В палате старого монаха пока что ажиотажа не наблюдалось. Случаи прояснения сознания и кратковременного улучшения самочувствия бывали нередки – перед самым финалом. Правда, здесь эта "кратковременность" подзатянулась, но разве об этом кто сожалеет? Да, лечащий врач отметил резкое улучшение абсолютно всех показателей. Но пока не удивлялся. А Сергей Петрович отозвал к себе обоих монашек и передал приказ главврача об абсолютном молчании.
– Отец Афанасий нам тоже такой наказ дал. Поэтому не беспокойтесь, – несколько огорчённо сообщила сестра Ольга.
Распоряжение о подготовке к операции вызвало в ординаторской недоумение. Но авторитет главного здесь был непререкаем и в правильности его приказов все давно убедились. Поэтому операционная была приведена в полную готовность. Ждали. Вот только чего? А лечащий врач Максима вчитывался в информацию о терракте в известном храме.
– Николай Павлович, я узнал и готов доложить, – встретил он главврача.
– Хорошо, идёмте ко мне в кабинет.
После рассказа, прерывавшегося несколькими звонками, главврач довольно быстро принял решение.
– Насчёт церкви, похоже на правду. А по поводу всех этих исцелений – слухи. Ну, сделал профессор несколько удачных операций, вот и все чудеса. А сейчас, извините, Сергей Петрович, мне пора. Вашего подопечного уже оперируют.
– К-к-к-ак? – начал заикаться от неожиданности врач.
– Да вот так. Резкое ухудшение. Можно было предположить. Если его извлекли из завалов…, – разъяснял главврач происходящее, уже выпроваживая из кабинета онемевшего подчинённого. – Кстати, и с отцом Афанасием ваши выводы не подтвердились.

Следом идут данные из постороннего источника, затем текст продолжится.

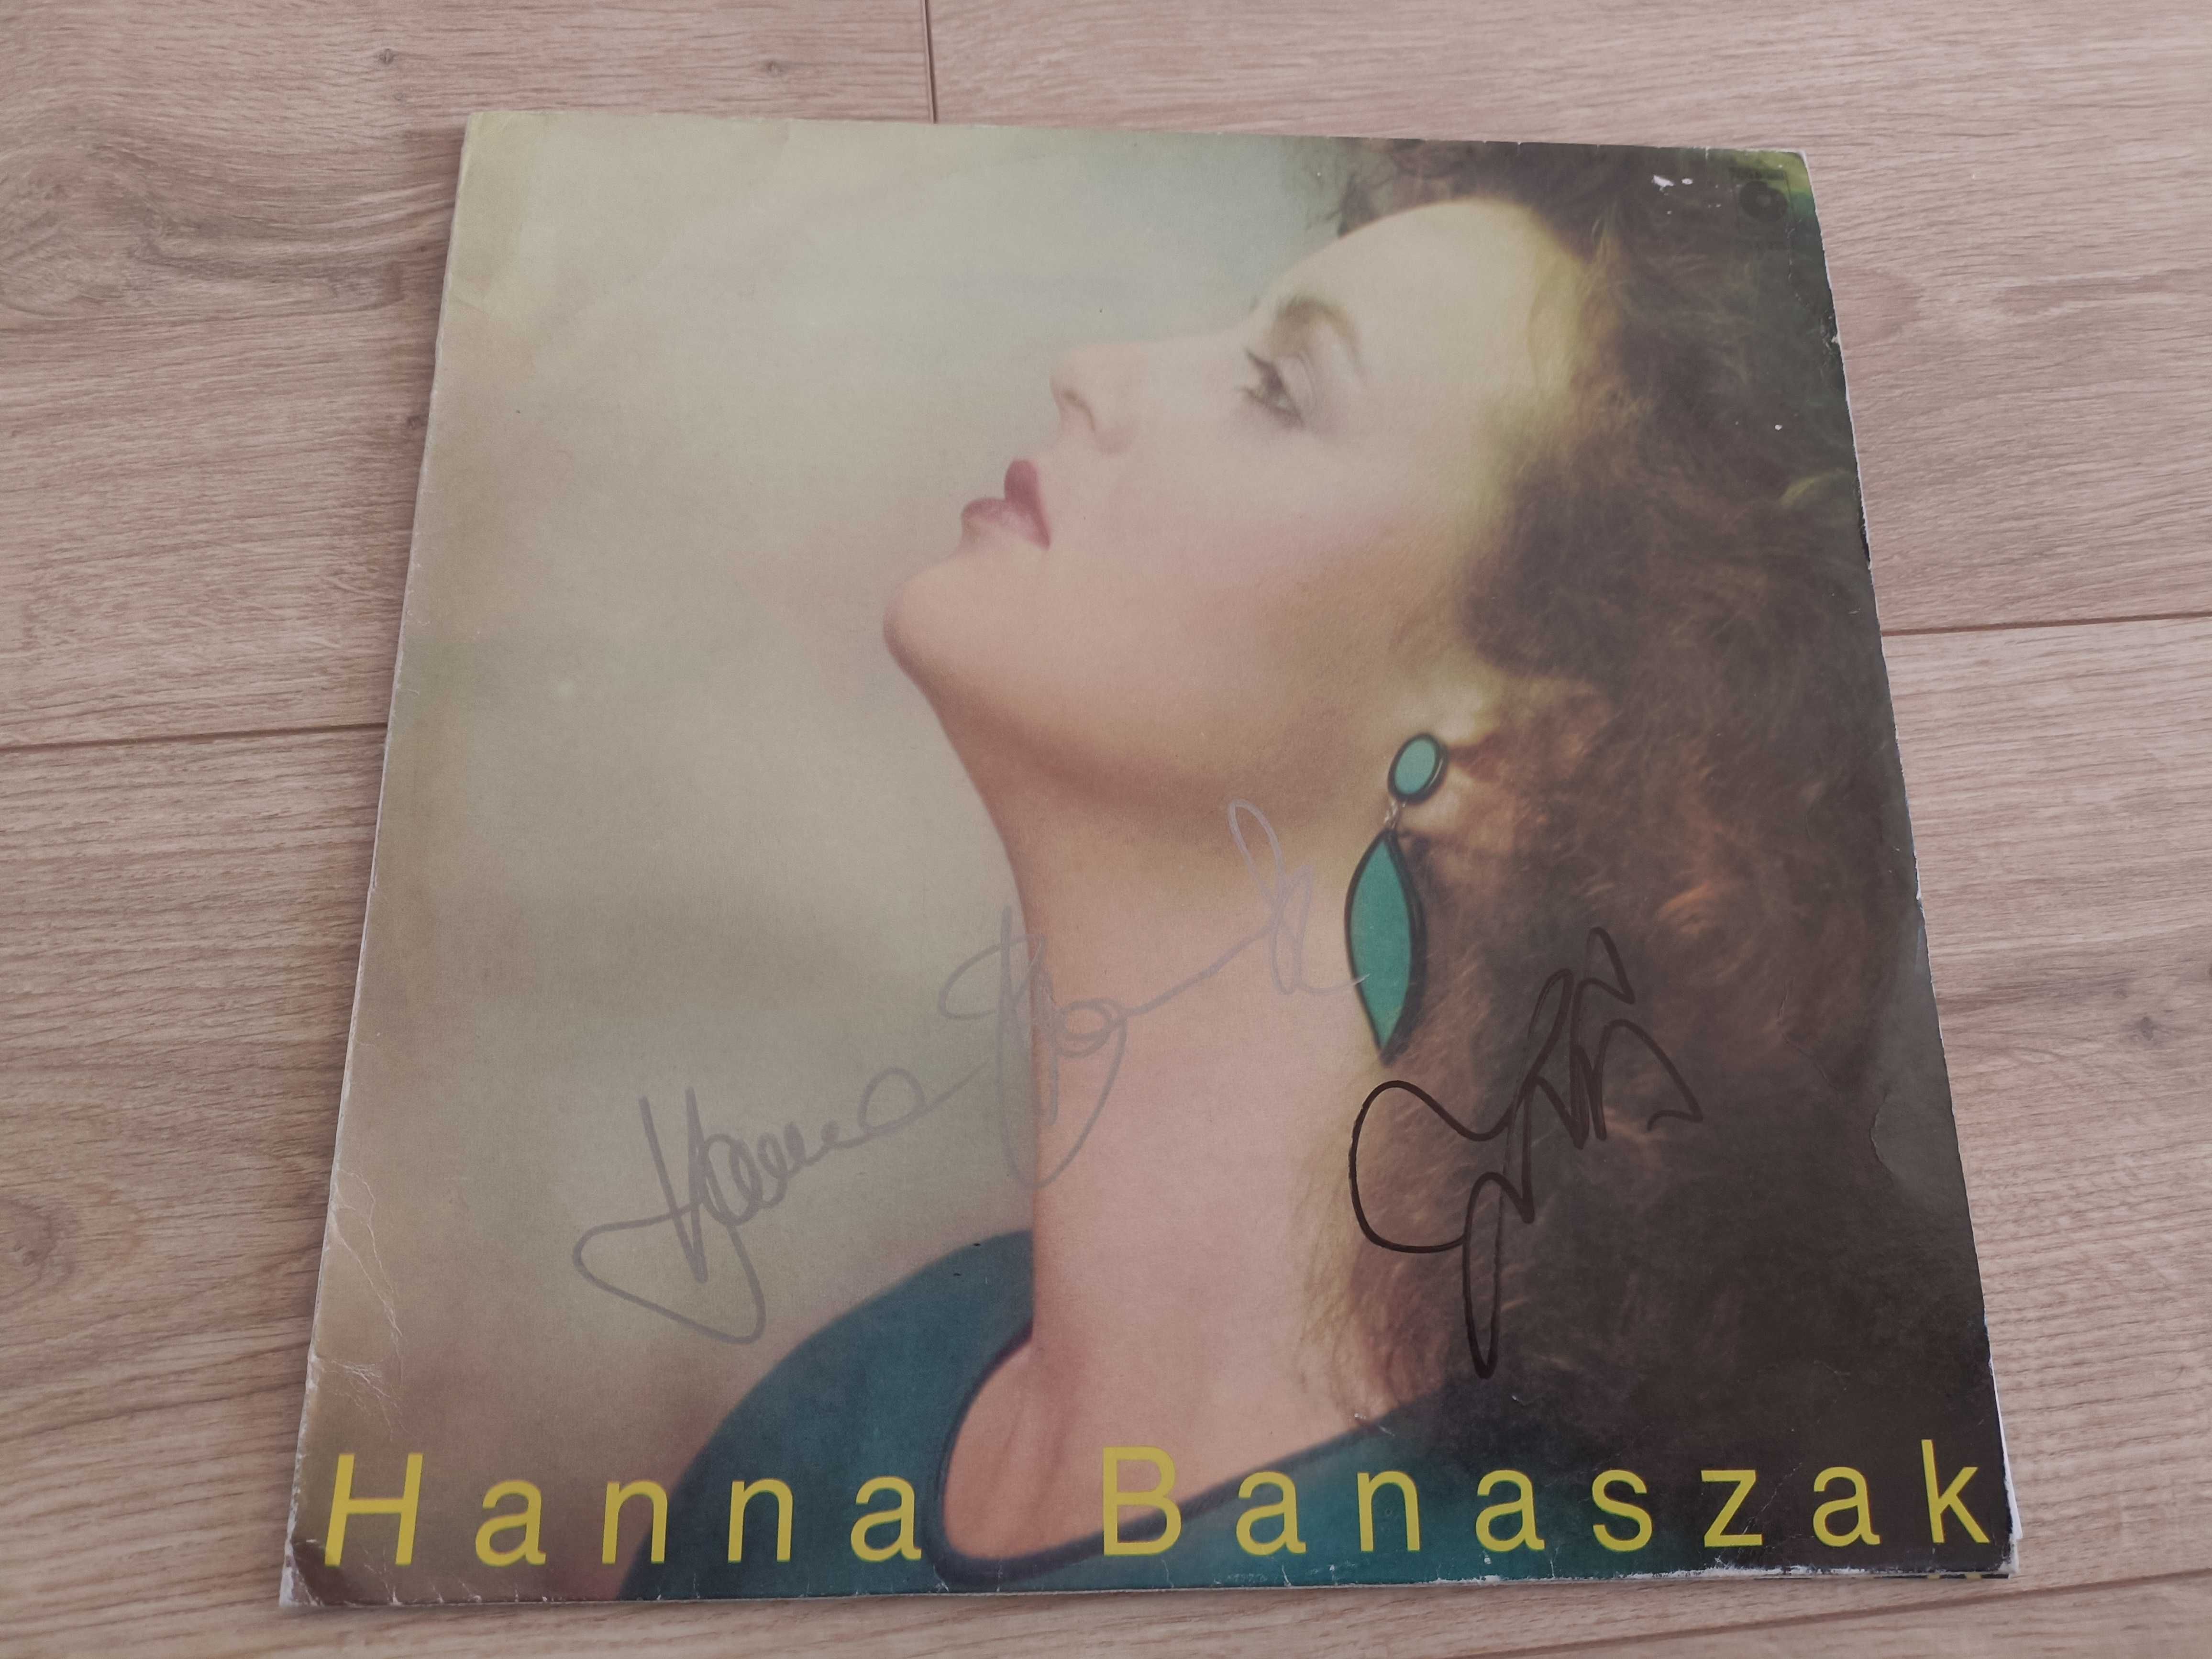 Hanna Banaszak - Hanna Banaszak, Mietek Jurecki - autografy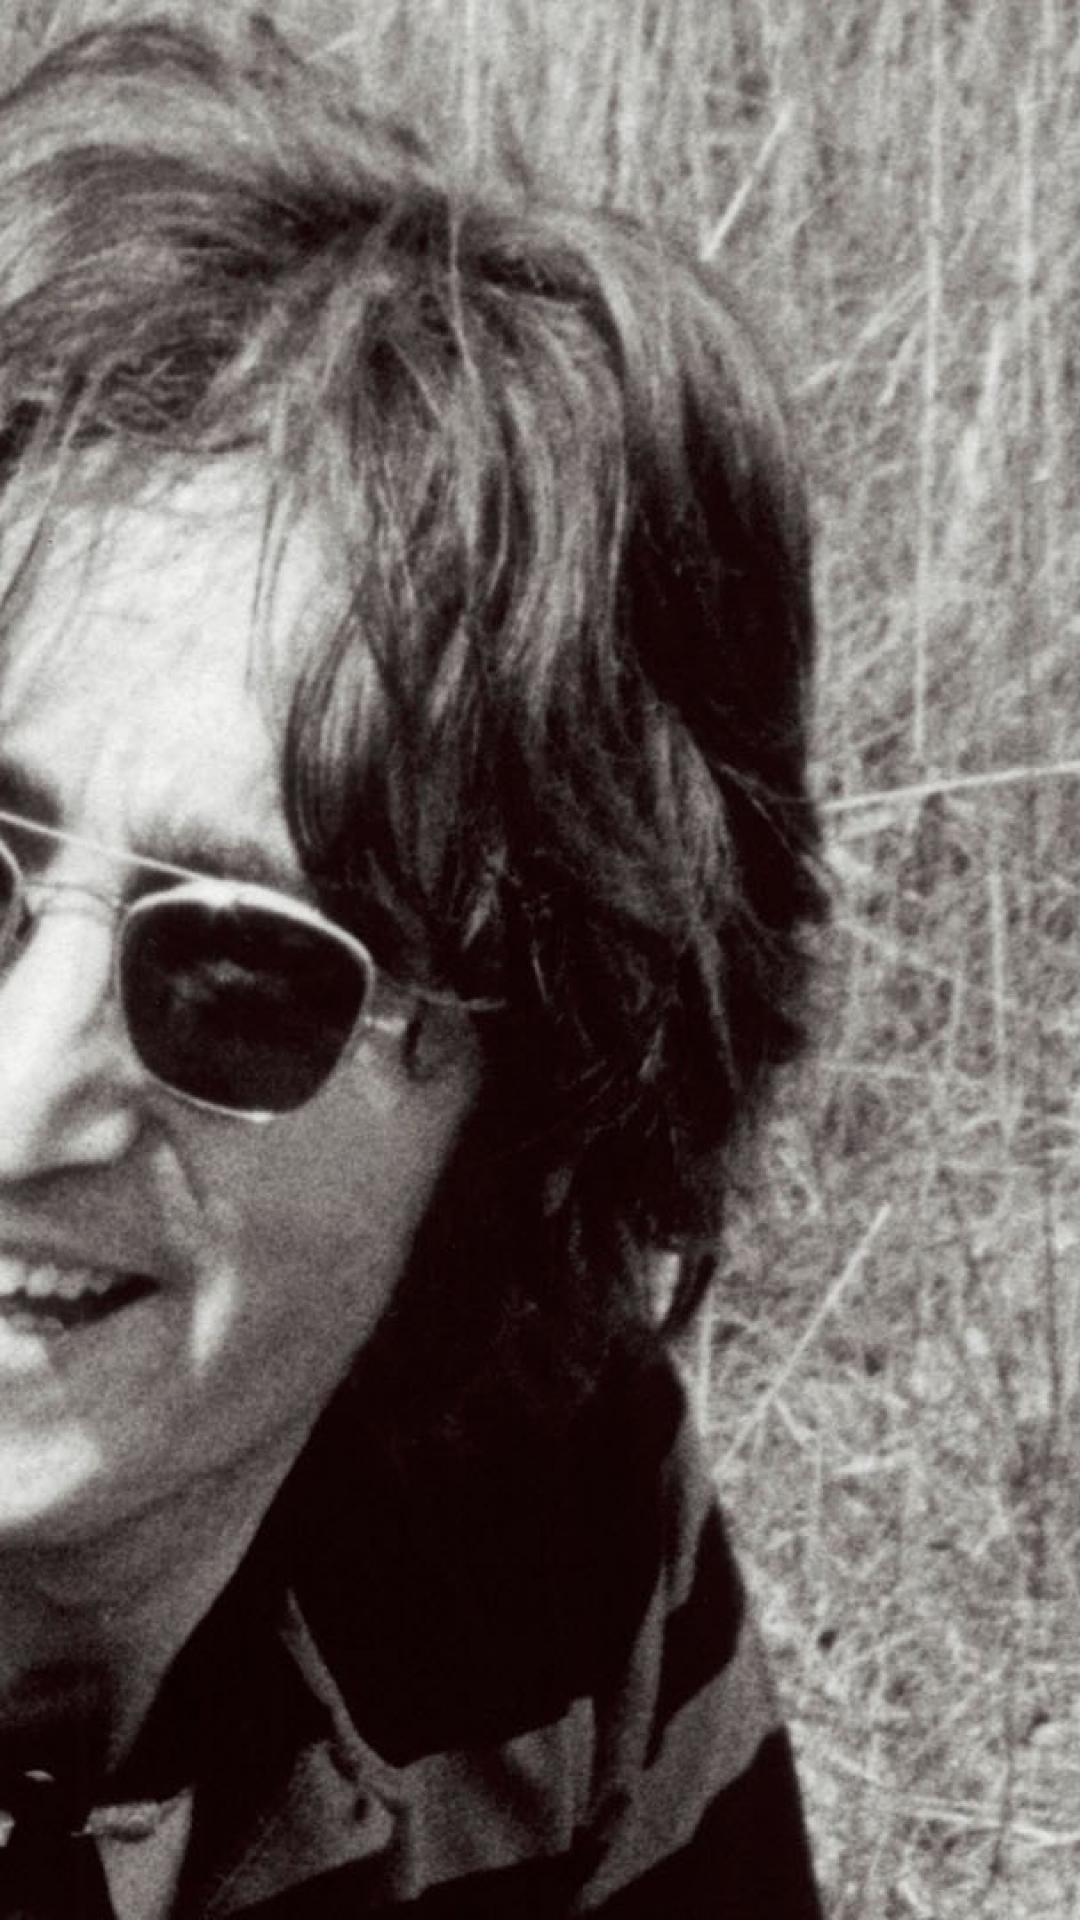 John Lennon beatles musician singer songwriter HD phone wallpaper   Peakpx

Резкое ухудшение. По просьбе Патриарха мы выписали его – умирать в своём монастыре. Так что… увы, чудес не бывает.
Сергей Петрович, не будучи хирургом, в операционную допущен не был. Заглянув в обе палаты, он убедился, что оба пациента отсутствуют. Отсутствовали и монахини – медсёстры. Так что и расспросить… Разве что у дежурного. Да, отвезли.
Одного в операционную, второго, отца Афанасия – на выписку. А жаль, казалось, оживает старик.
Недоумевающий врач остался в опустевшей ординаторской ожидать исхода операции.
Прошёл час. И второй. И третий. В ожидании врач даже немного придремнул и вздрогнул от требовательного звонка внутреннего телефона.
– Умер ваш подопечный. Прямо на операционном столе…
– Разрешите к Вам?
– Да, конечно. Все остальные уже в сборе.
"Все остальные" – врачи, которые утром обсуждали состояние нового пациента, сидели, понурив головы.
– В принципе, диагноз подтвердился, – рассказывал главврач. А вот с аппаратурой и с анализами… Вот, вам, пожалуйста и рентген, вот и анализы, – он небрежно подвинул по столу бумаги и снимки.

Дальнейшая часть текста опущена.